- Born: June 16, 1911 Moscow, Russian Empire
- Died: May 25, 1984 (aged 72) Moscow, Soviet Union
- Scientific career
- Fields: Biology
- Institutions: Moscow State University

= Leonid Krushinsky =

Leonid Viktorovich Krushinsky (Леонид Викторович Крушинский; 16 June 1911 – 25 May 1984) was a Soviet and Russian biologist who specialized in the experimental study of animal behaviour at Moscow State University. The Krushinksy-Molodkina strain of rat susceptible to seizures caused by loud sounds was produced in his laboratory in the 1950s and is named after him and his student Ludmila Molodkina.

== Biography ==
Krushinsky was born in Moscow and went to the Moscow State University where he graduated in 1934. He then worked on animal behaviour under M. M. Zavadovsky and defended a thesis on defensive reactions in dogs in 1938 and received his doctorate on animal behaviour development in 1946. He became a professor in 1957.

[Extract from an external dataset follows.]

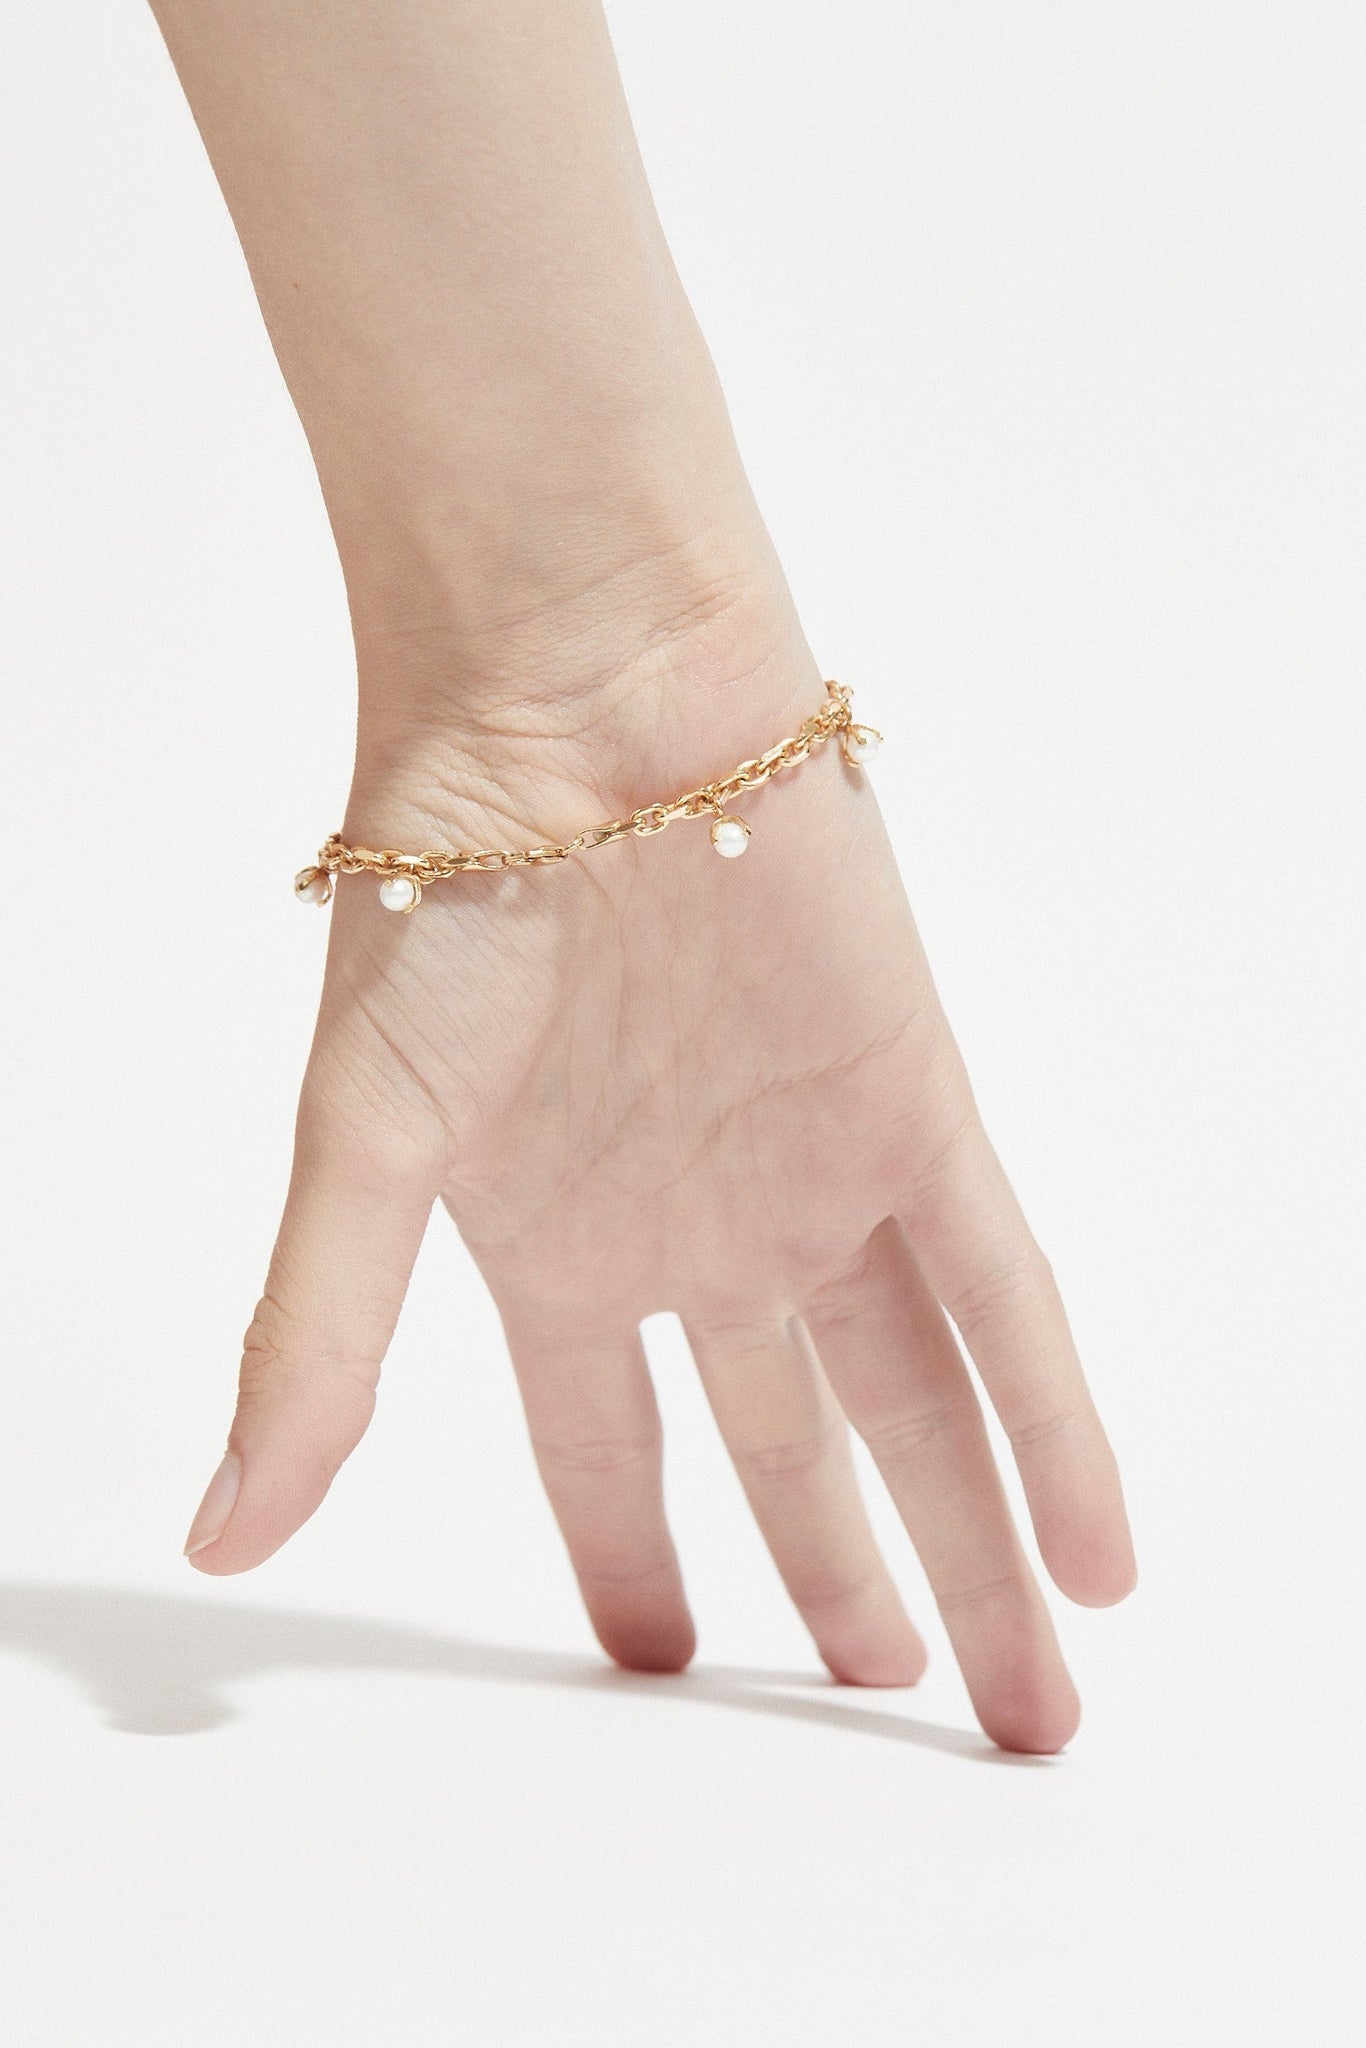 Pearled Bracelet - Cornelia Webb - 6

Leon Orbeli invited Krushinsky to work at the Pavlov Laboratory. Krushinsky conducted experiments on conditioning in rats and one of their observations was unexpected seizures induced by a loud bell. Just as genetics laboratories were being closed in the 1940s in response to Lysenkoism he demonstrated auditory seizures in a strain of Wistar rats and then maintained the line which showed genetic heritability of the character although he never made use of words like genetics or heredity in his publications on the topic. Studies on the KM strain helped the development of anticonvulsant drugs for the management of epileptic seizures. Krushinsky developed tests for animal reasoning and intelligence. During World War II he was assigned to dog breeding and training for training mine detection, guide, and rescue dogs. They also trained dogs to drop explosives in front of tanks and trains. They also studied the genetics of behaviour and conducted experiments on the behaviour of wolves and foxes. Krushinsky attempted to explain the connection between intelligence and neural organization in the brain.

Krushinsky published several texts on animal behaviour and guided a number of students.